The patient reported herein had a history of diabetes mellitus with repeated PCI procedures because of diffuse narrowing coronary lesions. Furthermore, the WOR of BMIPP-SPECT was 3.5%, indicating a remarkable decrease as compared to the normal level (19.4%±3.2%) (7). The patient fulfilled the criteria of TGCV (6) and was subsequently diagnosed with definite TGCV.

It has been reported that the myocardial TG content is associated with metabolic disorders such as diabetes mellitus. Additionally, increasing the myocardial TG content has been reported to cause LV diastolic and systolic dysfunction along with LV remodeling (8-10). The patient suffered from multiple underlying metabolic disorders, including obesity, hypertension, and several metabolic disorders such as diabetes mellitus and dyslipidemia. McGavock et al. demonstrated that the levels of myocardial TG content in nonglycemic obese subjects and patients with diabetes mellitus as 0.81%±0.46%, and 1.06%±0.62%, respectively (8). The myocardial TG content in the present case was measured to be 4.92% using 1H-MRS, which is extremely high even in the context of these metabolic disorders.

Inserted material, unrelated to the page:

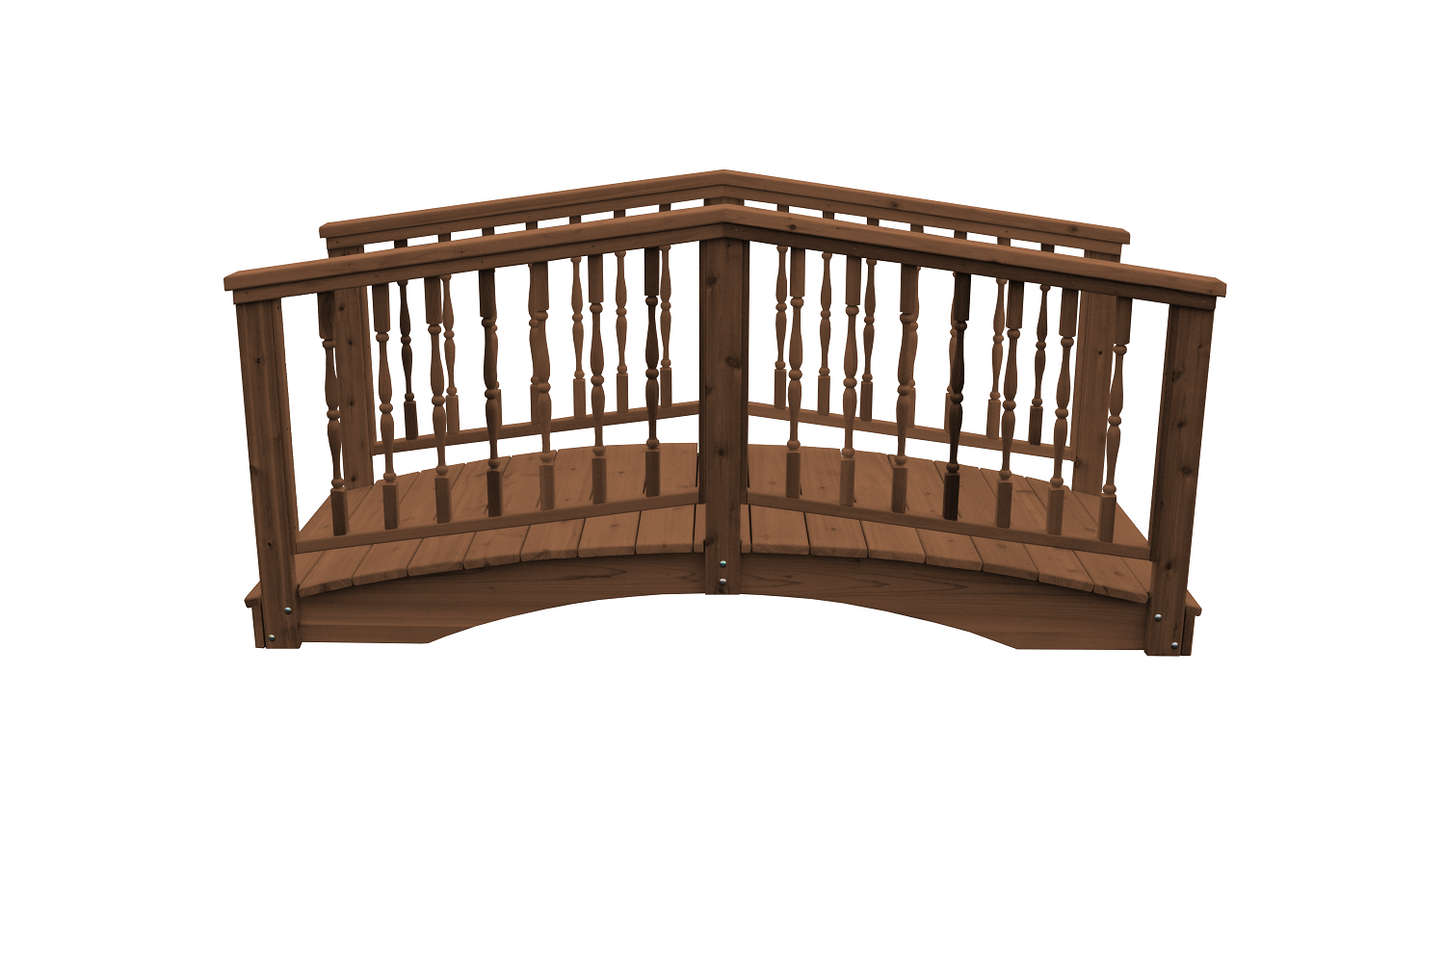 A&L Furniture Co. Western Red Cedar 3' x 12' Spindle Bridge - LEAD TIME TO SHIP 2 WEEKS

In addition, we previously reported the levels of myocardial TG content in apparently healthy subjects without coronary heart disease, endurance athletes, and healthy subjects with fitness habits as 0.85%±0.40%, 0.60%±0.20%, and 0.89%±0.41%, respectively (11, 12). On the other hand, the levels of myocardial TG content in patients with hypertrophic cardiomyopathy (HCM) and hypertensive heart disease were 1.09%±0.72% and 2.14%±1.29%, respectively (13). The myocardial TG content detected in the current case was thought to be high in comparison with these data.

Moreover, Liao et al. reported that the level of myocardial TG content of patients who were admitted for acute heart failure with low LV ejection fraction (EF), those with normal LVEF, and controls without cardiovascular disease were 0.79%, 0.21%, and 0.14%, respectively (14). The myocardial TG content in the present case was extremely high compared with these data regarding the myocardial TG content although not equal to our sequence regarding the procedures and equipment. In conclusion, 1H-MRS may be helpful for assessing the myocardial TG pool and establishing a diagnosis of TGCV noninvasively (15).

The authors state that they have no Conflict of Interest (COI).